## [Supplied material]
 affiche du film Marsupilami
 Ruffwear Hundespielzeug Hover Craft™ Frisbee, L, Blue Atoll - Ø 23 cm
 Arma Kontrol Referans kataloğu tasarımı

==

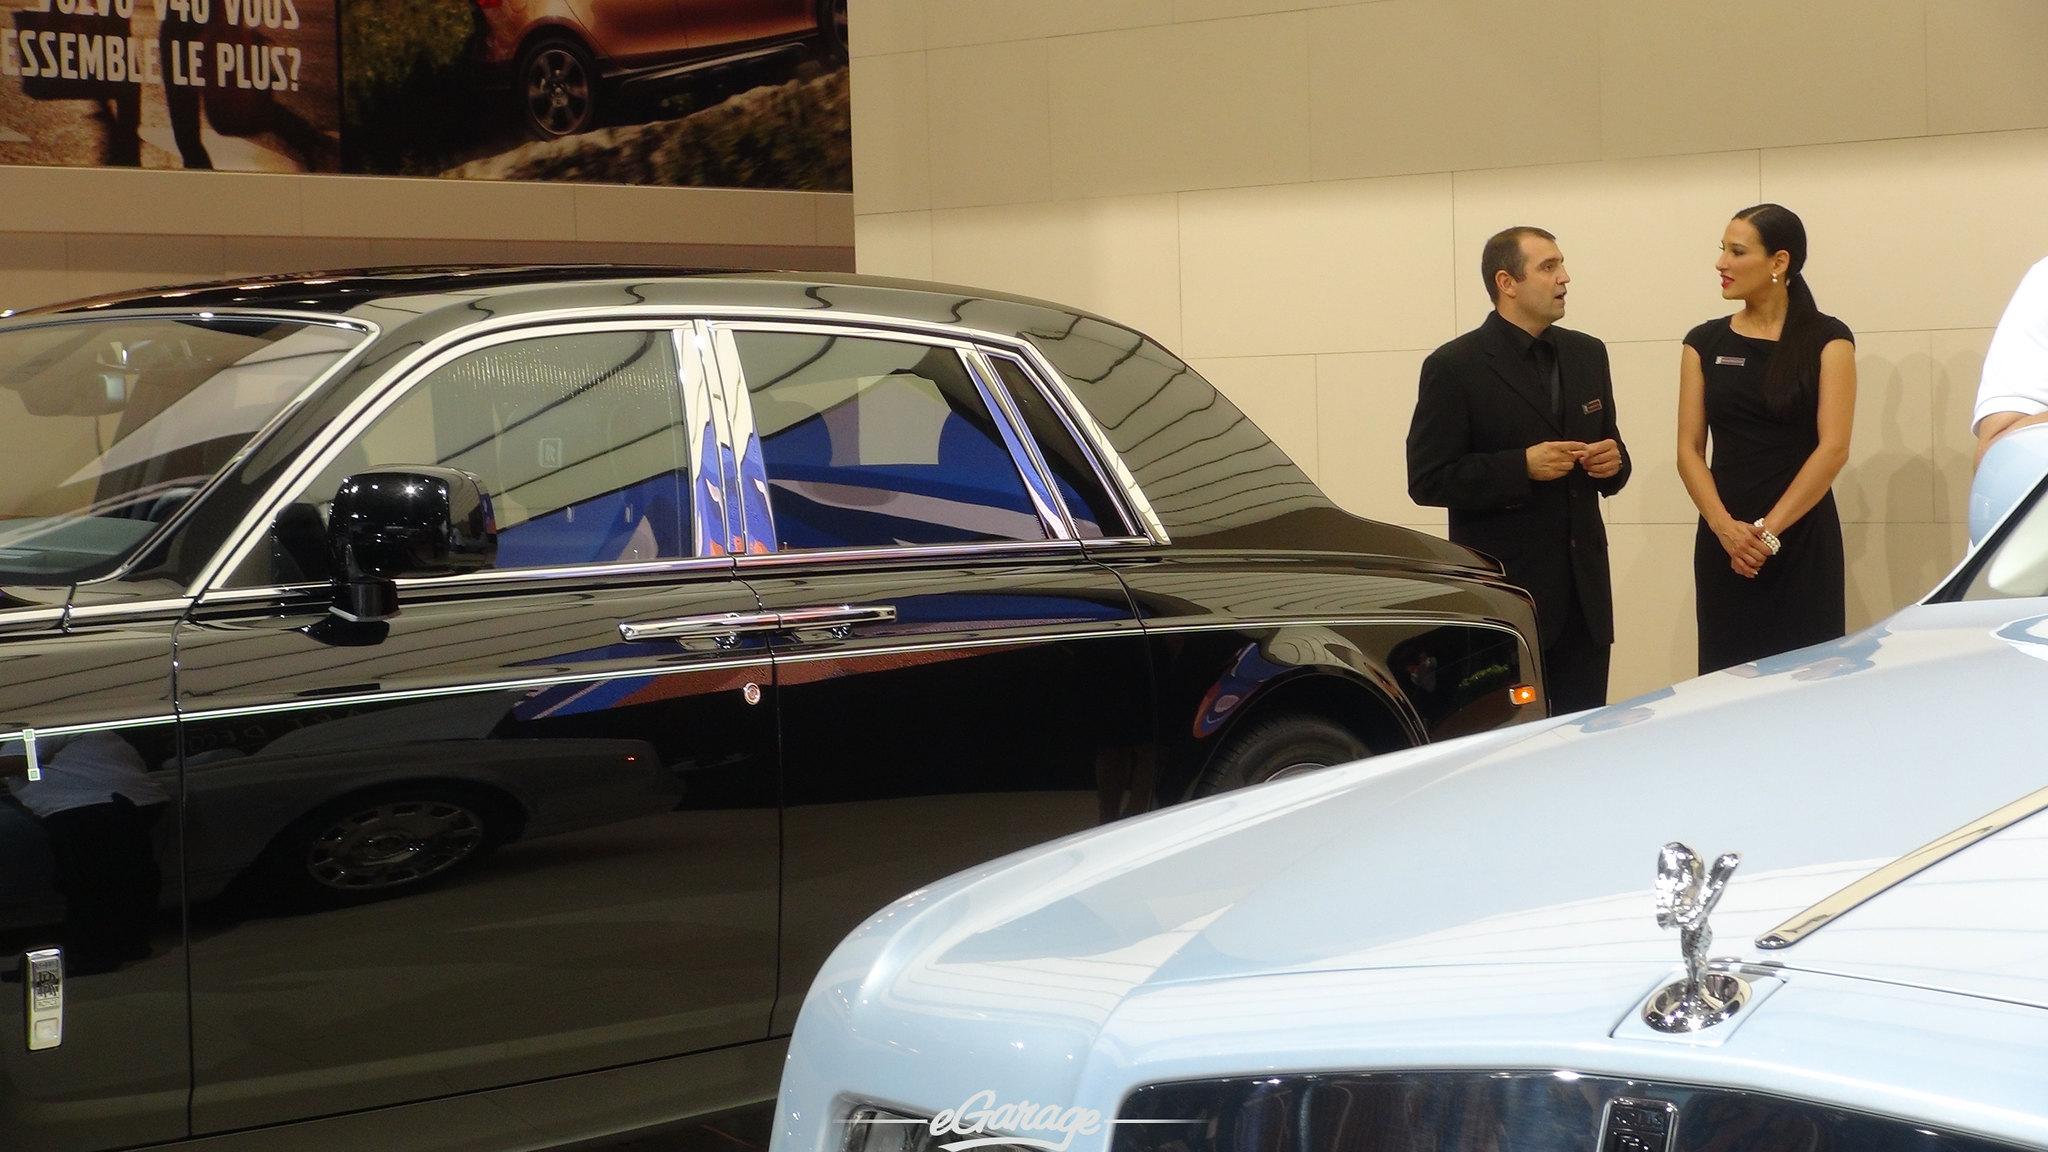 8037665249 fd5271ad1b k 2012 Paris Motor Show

## [Directions]
Take from the material above the lines running from the one with "Ruffwear Hundespielzeug Hover" through the one with "Arma Kontrol Referans kataloğu tasarımı", and repeat them exactly, with nothing else.

## [Solution to this task]
 Ruffwear Hundespielzeug Hover Craft™ Frisbee, L, Blue Atoll - Ø 23 cm
 Arma Kontrol Referans kataloğu tasarımı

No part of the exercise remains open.